An Interview with Ian Robinson, Author of Graph Databases, from O'Reilly
I recently had the opportunity to interview one of the authors of O'Reilly's recently-published Graph Databases. Ian Robinson took some time to give an introduction to the book, as well as explain how the book is relevant to Java devs interested in technologies like Neo4j. He also gives some good insight into where he believes graph database technology are headed in the near future.
DZONE: Please give us a quick introduction to the content of O'Reilly's new book, Graph Databases.
The book provides both a broad introduction to the graph database space, and a detailed look at how to go about designing and developing a graph database solution. Many of the examples draw on our experience of developing and working with Neo4j, but the important concepts carry over to other graph databases.
In terms of content, the first half of the book focuses on offering practical guidance on modeling with graphs, querying graphs, and building graph database solutions. We demonstrate how the graph data model can be used to model domains in ways that are very similar to the informal techniques we use for communicating complex data problems: where we draw circles, lines and text on the whiteboard, we add nodes, relationships and properties to the graph. Having shown how to build a graph, we then show how we can use Neo4j's Cypher query language to identify complex patterns in the data, thereby generating valuable insights into our domain. The implementation sections discuss the many things we should think about when developing a graph database solution, from solutions architecture, to testing and capacity planning.
Following this modeling and implementation guidance, we then describe three real-world use cases: social networking, access control, and logistics. For each use case, we summarise the business case, and give detailed examples of the data models and queries used in that scenario.
In later chapters, we take a deep dive into Neo4j's internals, including its store file formats, and transactional and clustering behaviours. We end with a look at how we can apply predictive analysis techniques and graph algorithms to solve some tricky problems and generate yet deeper insights into our graph data.
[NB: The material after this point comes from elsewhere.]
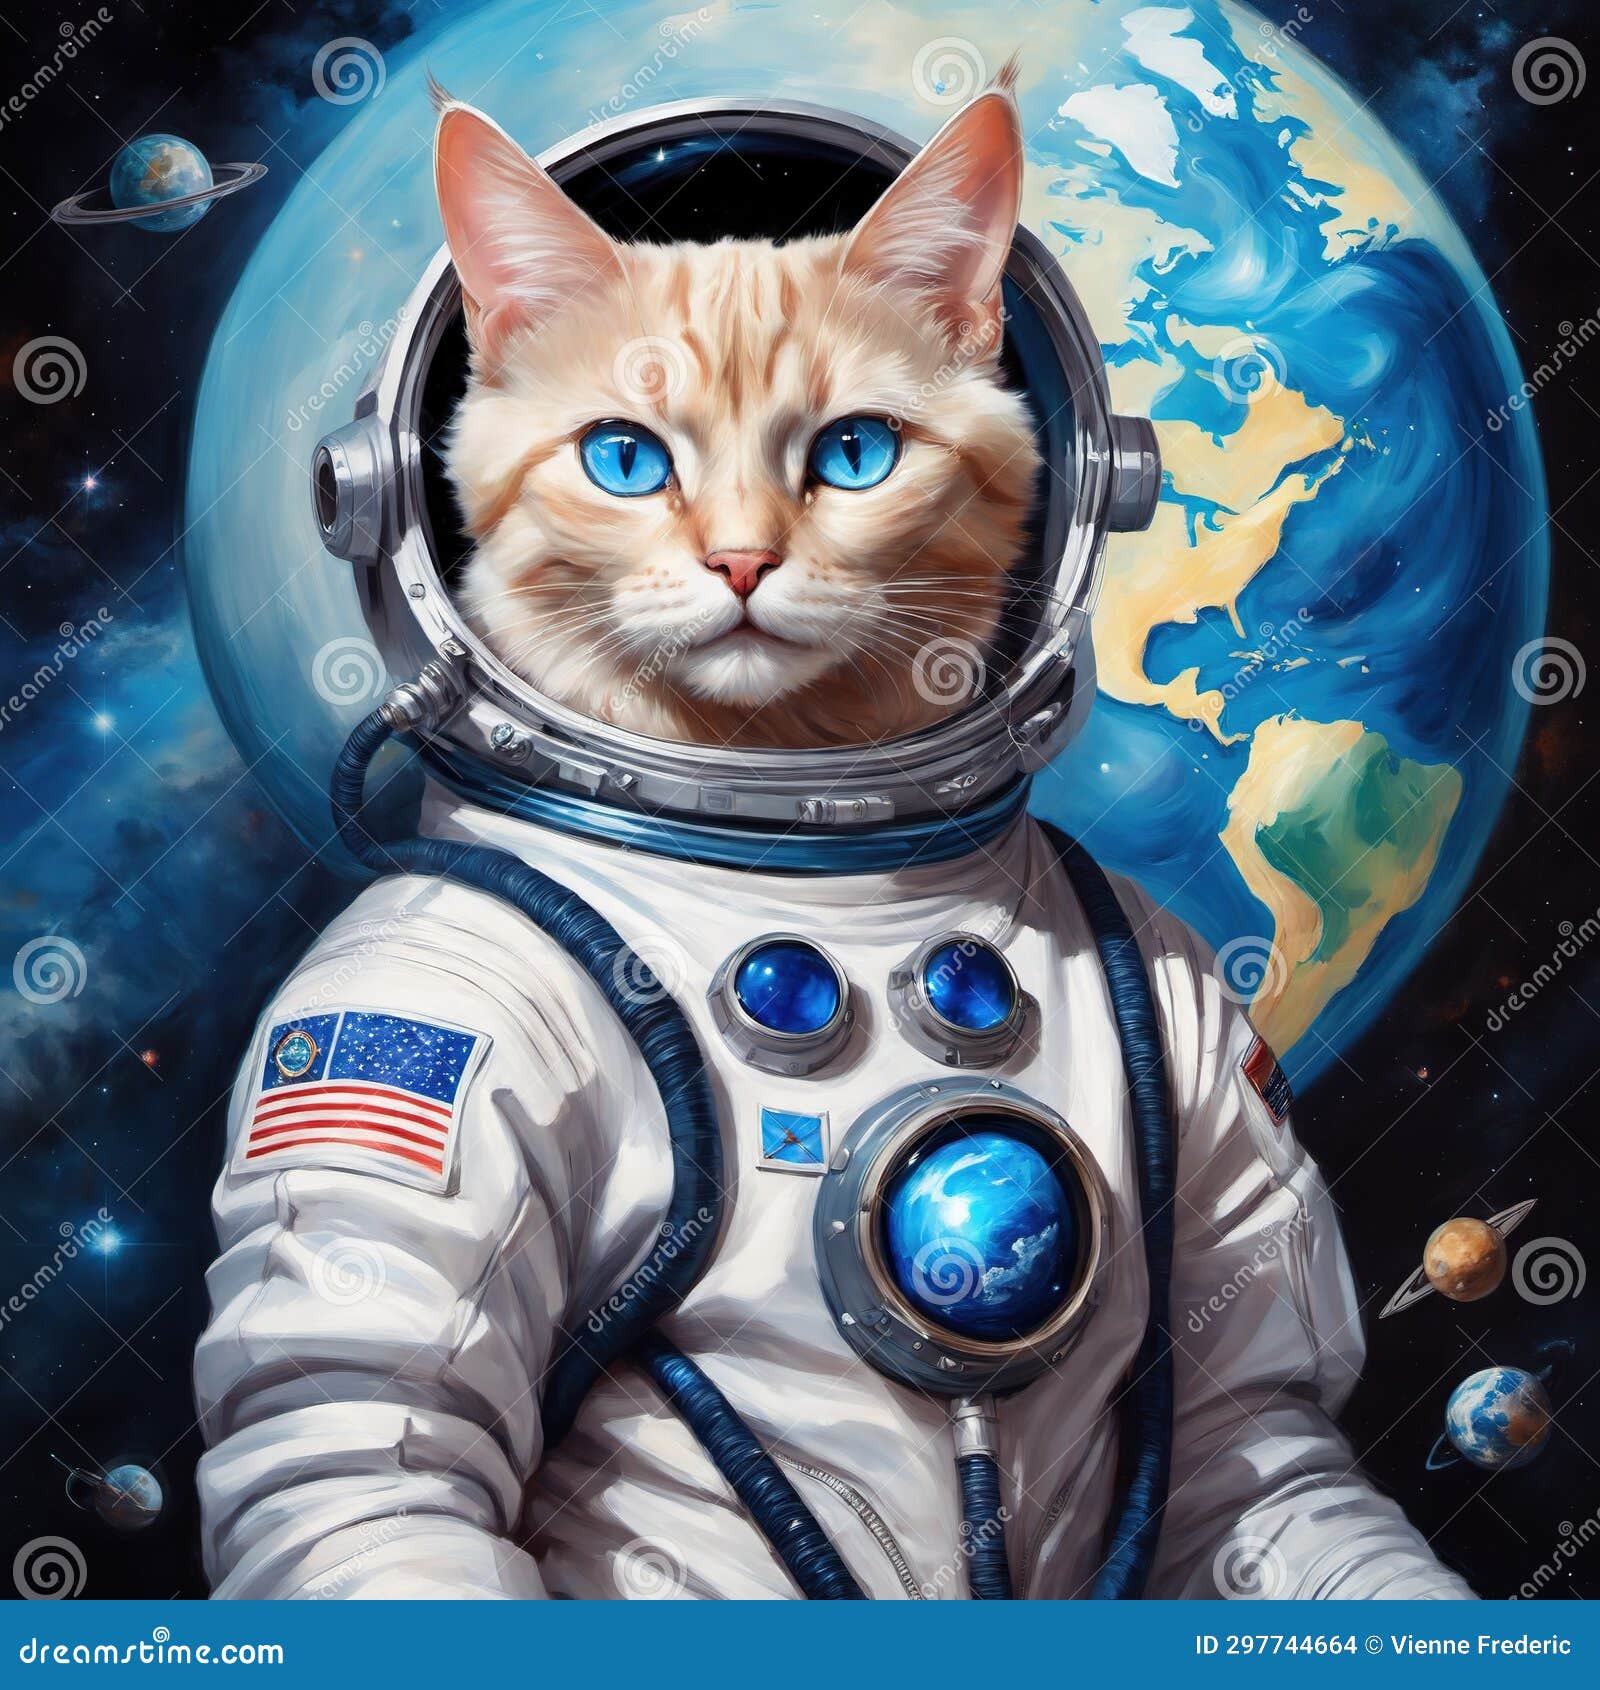 Astronaut cat in a spacesuit. Portrait of a cat in space, cat
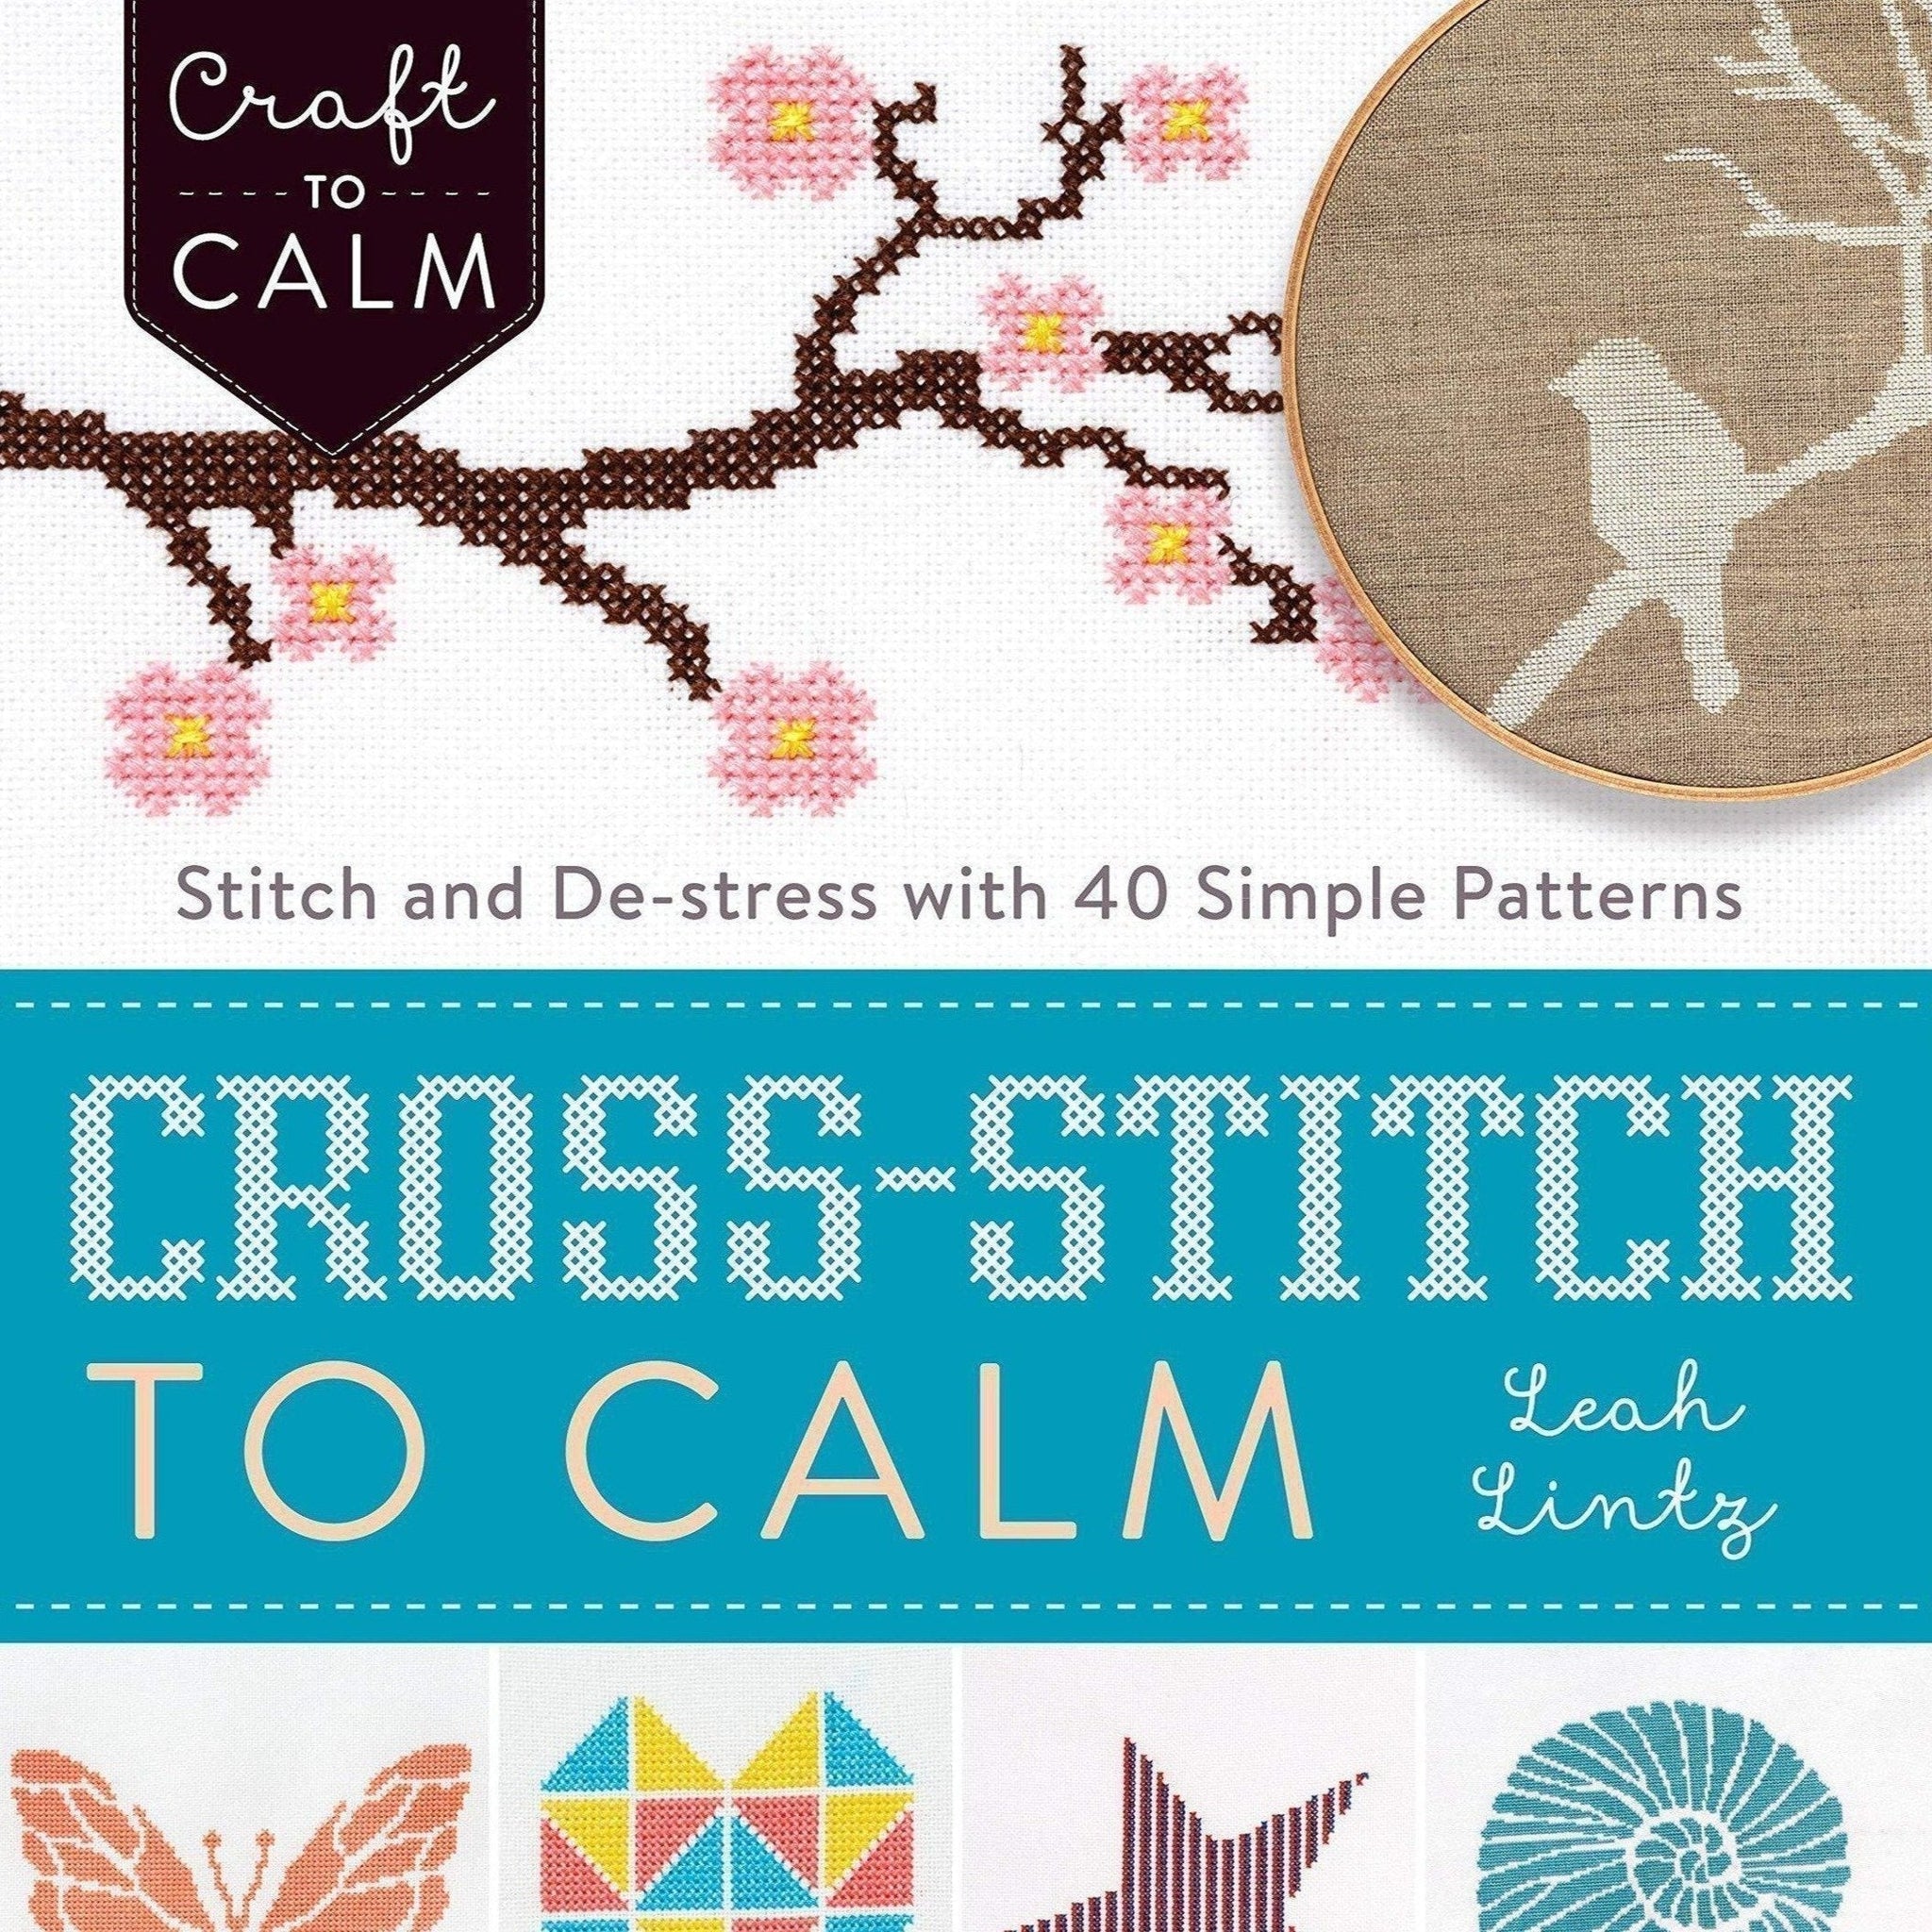 Interweave-Cross-Stitch to Calm-book-gather here online

DZONE: Tell us a little about your background and how it informed the creation of this book.
Emil, together with his Neo cofounders, Johan and Peter, invented the graph database at the turn of the century. In the intervening years he's devoted his professional life to building and evangelizing graph databases. Jim and I were users of Neo4j before we joined Neo Technology; together we built product catalogues and recommendations engines for a number of different clients. Since joining Neo, Jim has led the research and development of a massive horizontally write-scalable graph that compromises neither traversal performance nor ACIDity. I've divided my time between working with customers to design and develop graph database solutions, and development with the research and product engineering teams.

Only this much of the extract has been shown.